→ **SOURCE RECORDS**
○ ○ ○ ○ ○ ○ ○
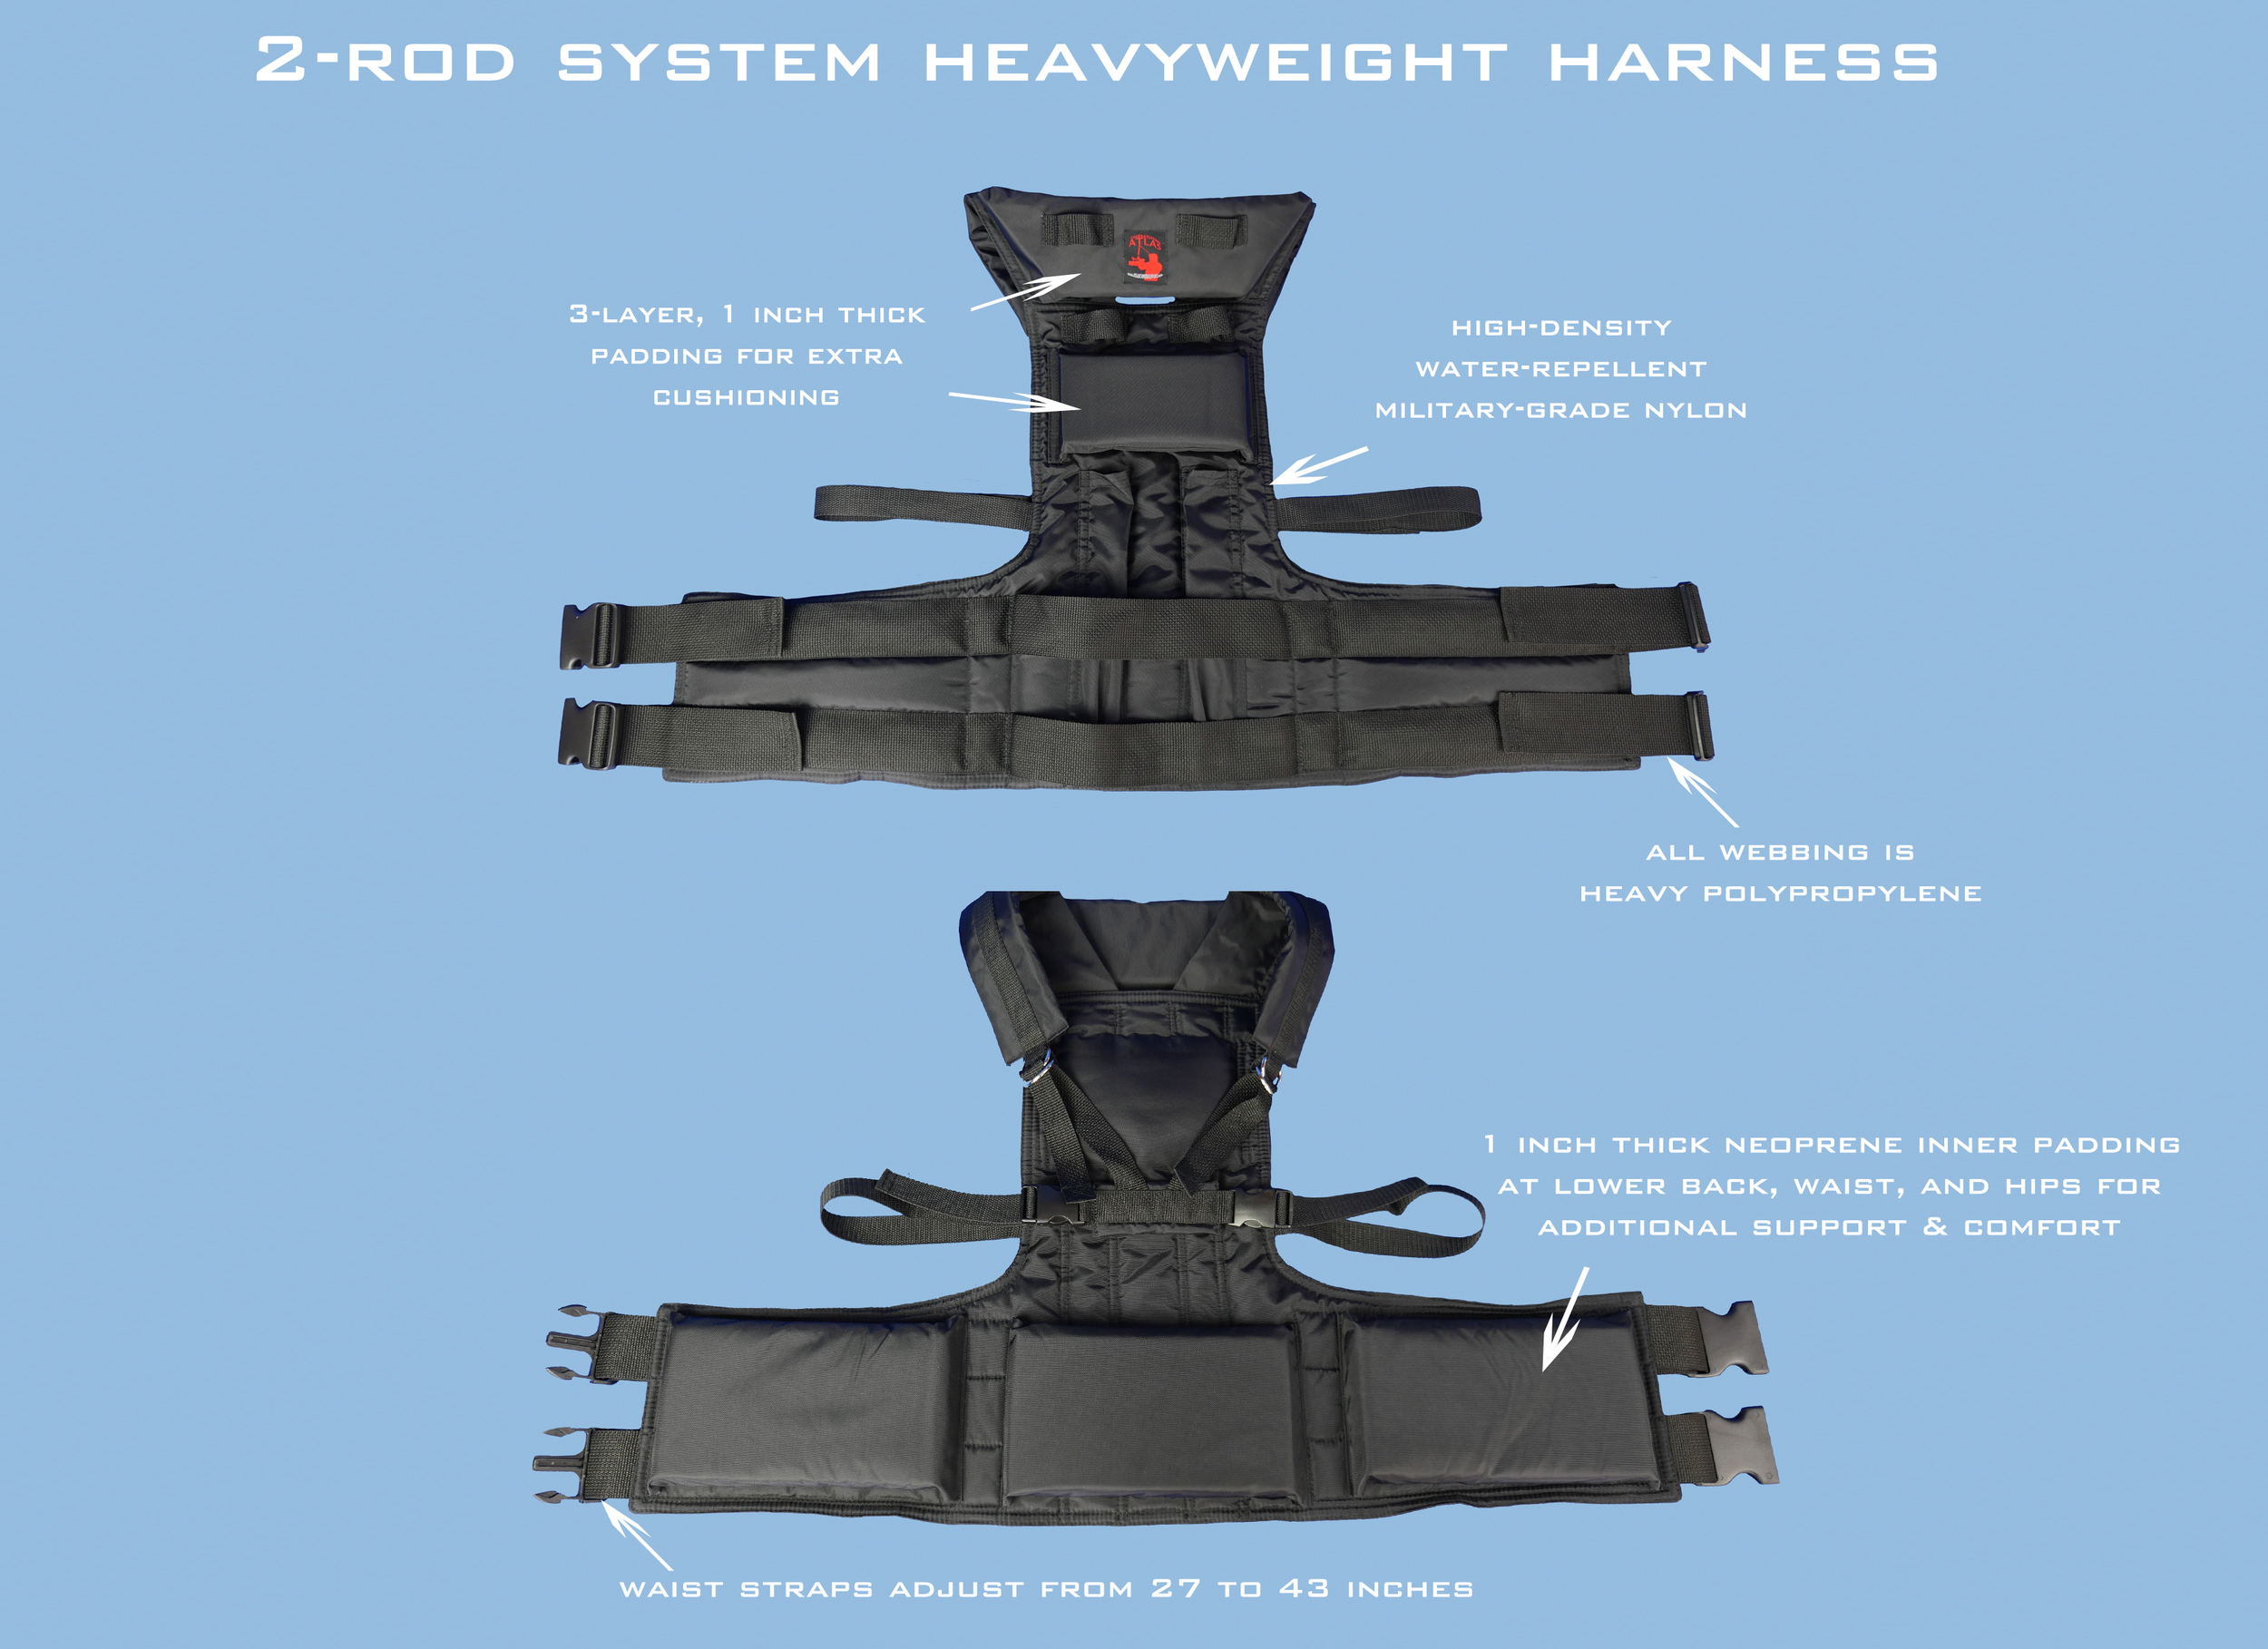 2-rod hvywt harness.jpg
○ ○ ○ ○ ○ ○ ○
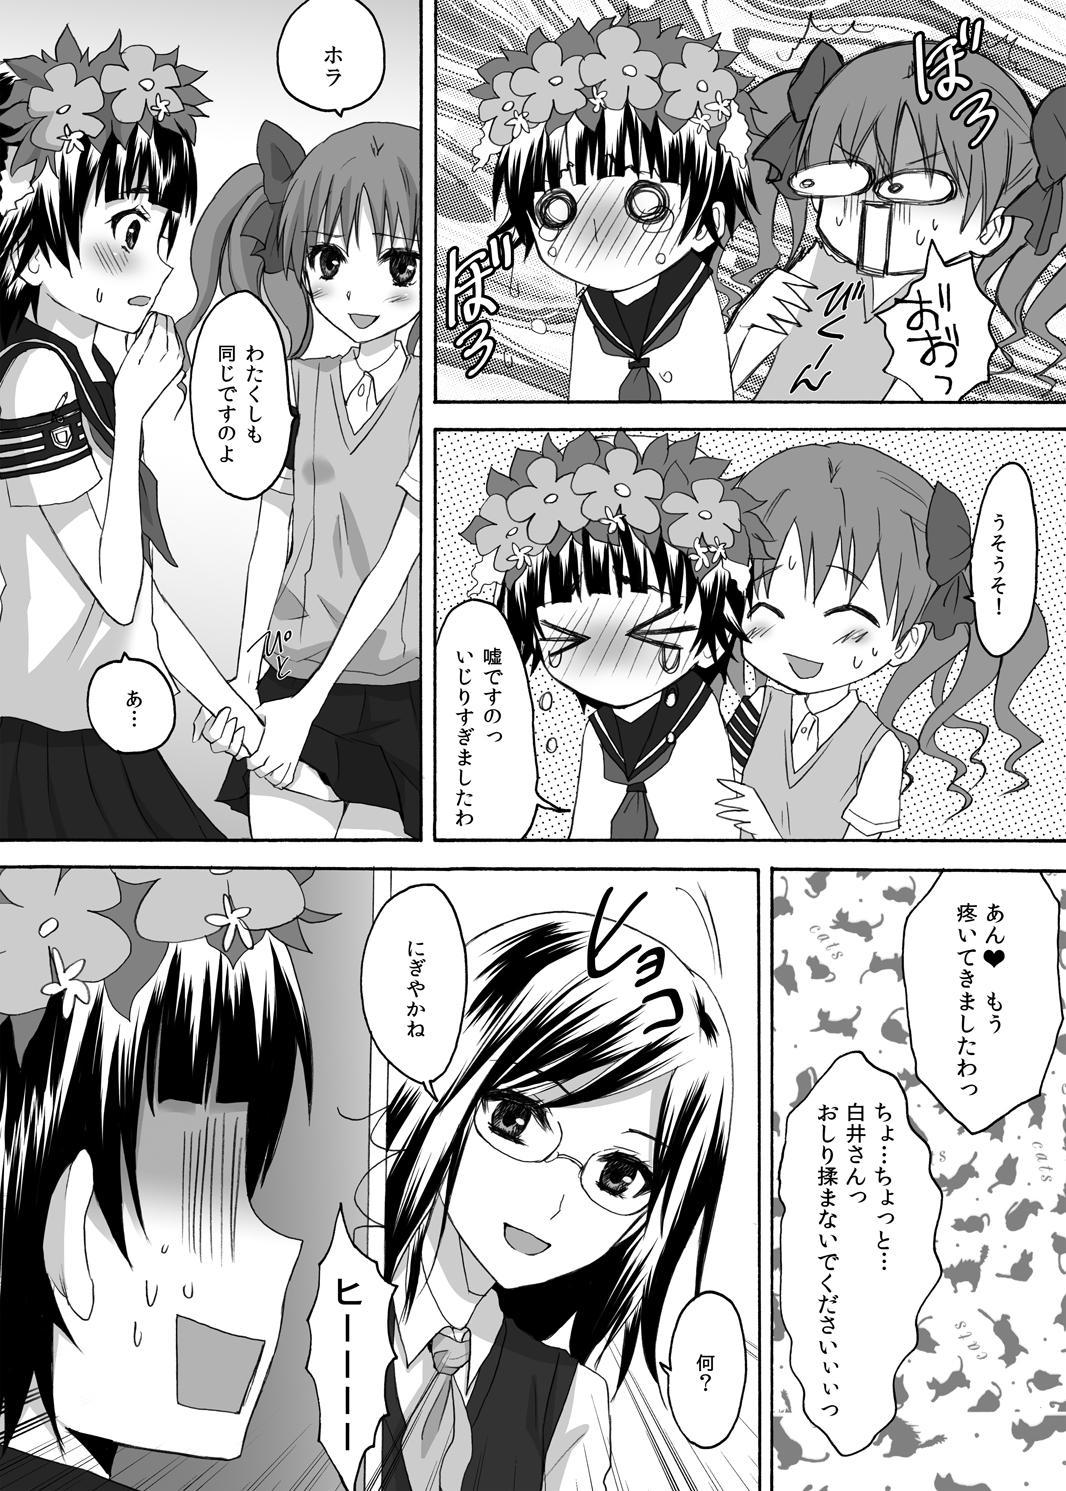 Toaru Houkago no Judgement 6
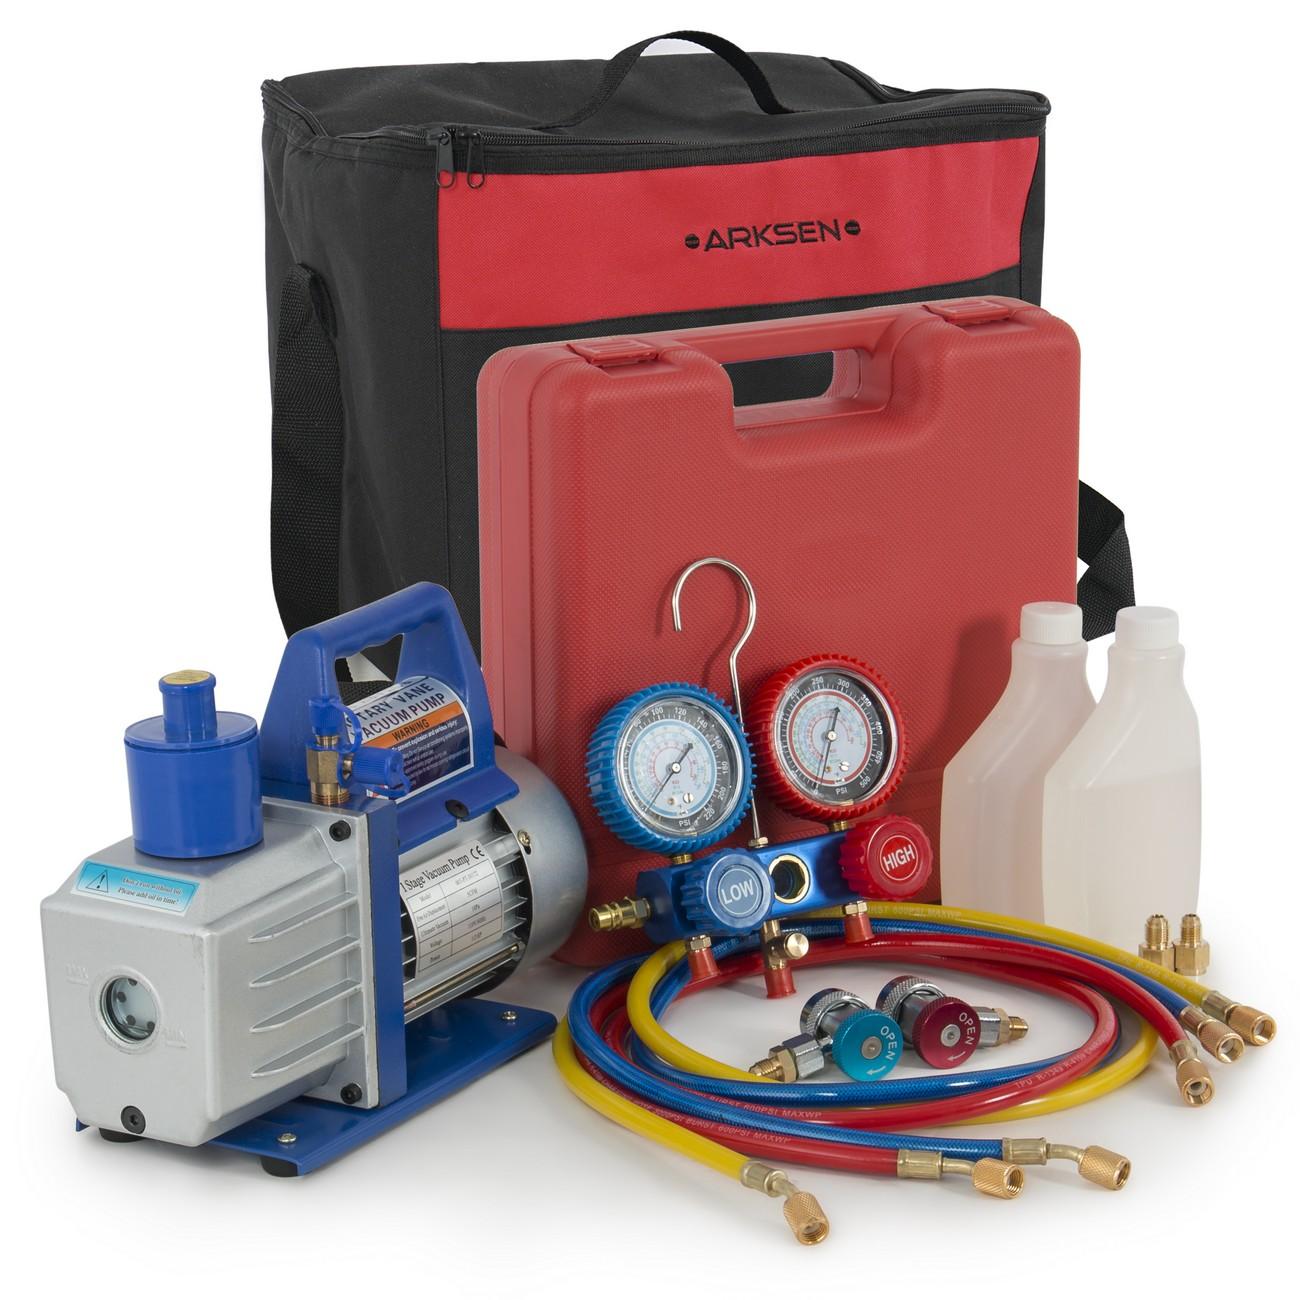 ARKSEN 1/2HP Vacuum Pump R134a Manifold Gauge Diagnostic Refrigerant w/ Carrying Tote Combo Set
○ ○ ○ ○ ○ ○ ○
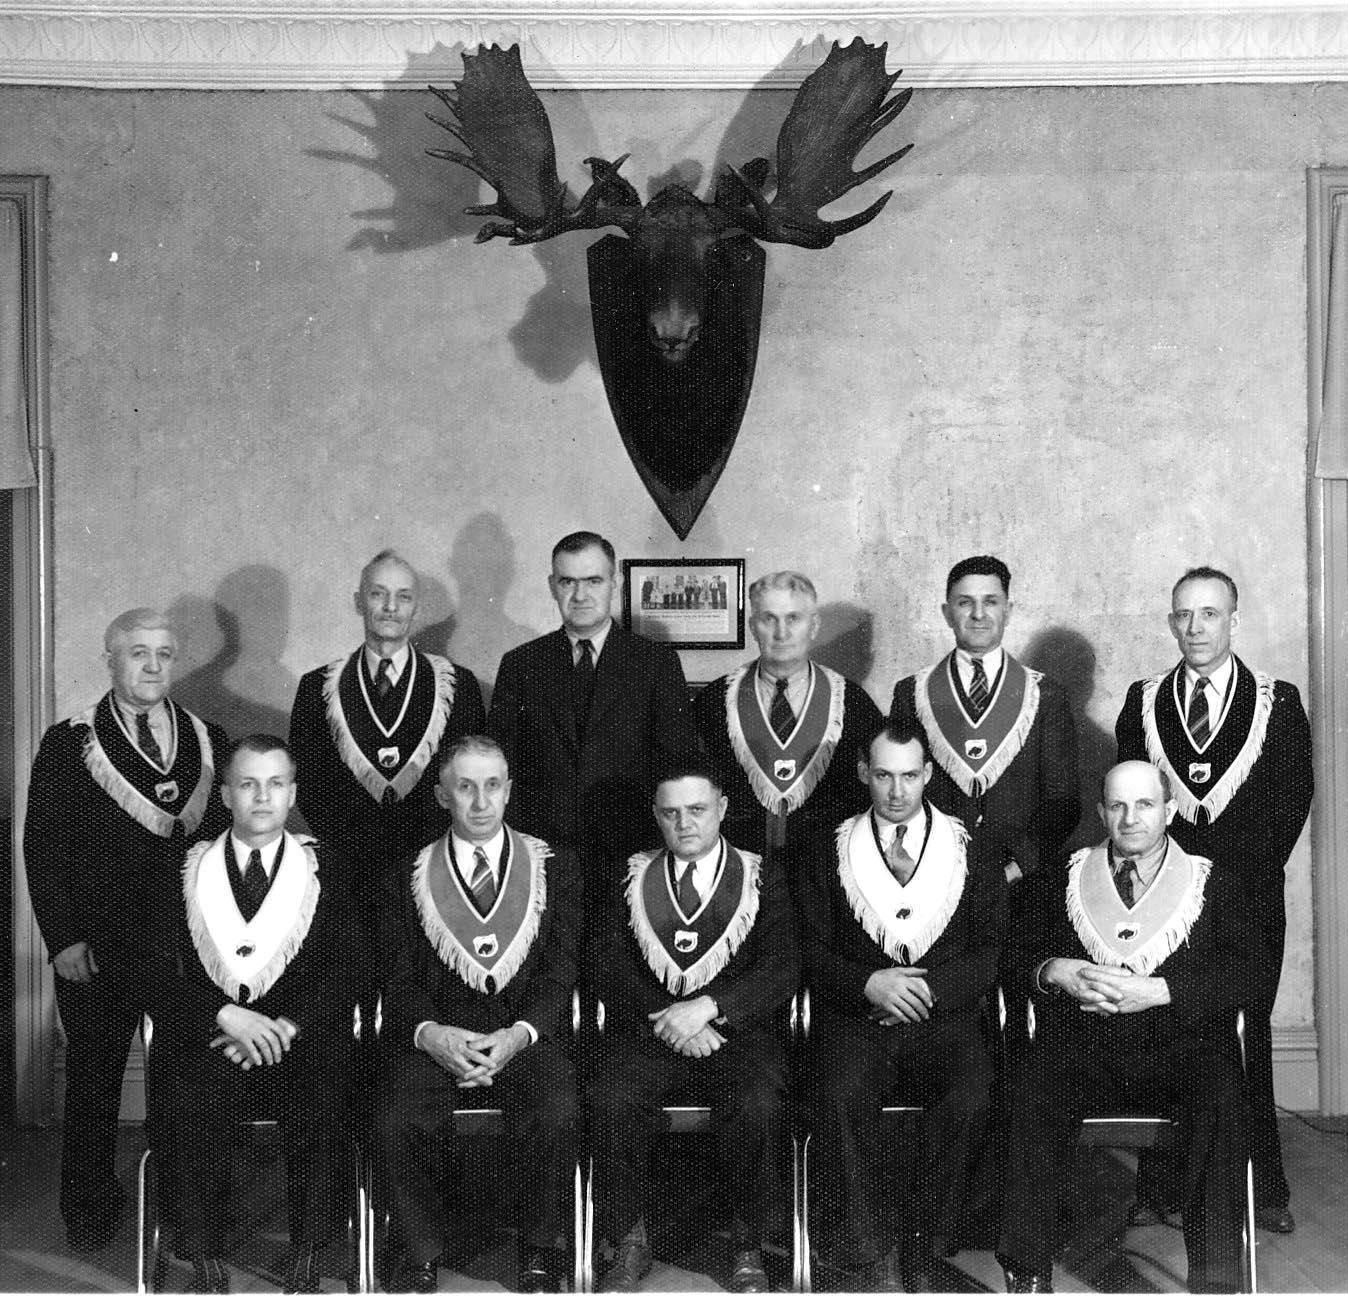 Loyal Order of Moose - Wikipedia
○ ○ ○ ○ ○ ○ ○
→ **EXERCISE AIM**
Please copy out from the data above, without any picture, exactly the lines running from the one that holds "Toaru Houkago no Judgement 6" through the one that holds "ARKSEN 1/2HP Vacuum", and nothing beyond them.

→ **RESPONSE TO THIS TASK**
 Toaru Houkago no Judgement 6
 ARKSEN 1/2HP Vacuum Pump R134a Manifold Gauge Diagnostic Refrigerant w/ Carrying Tote Combo Set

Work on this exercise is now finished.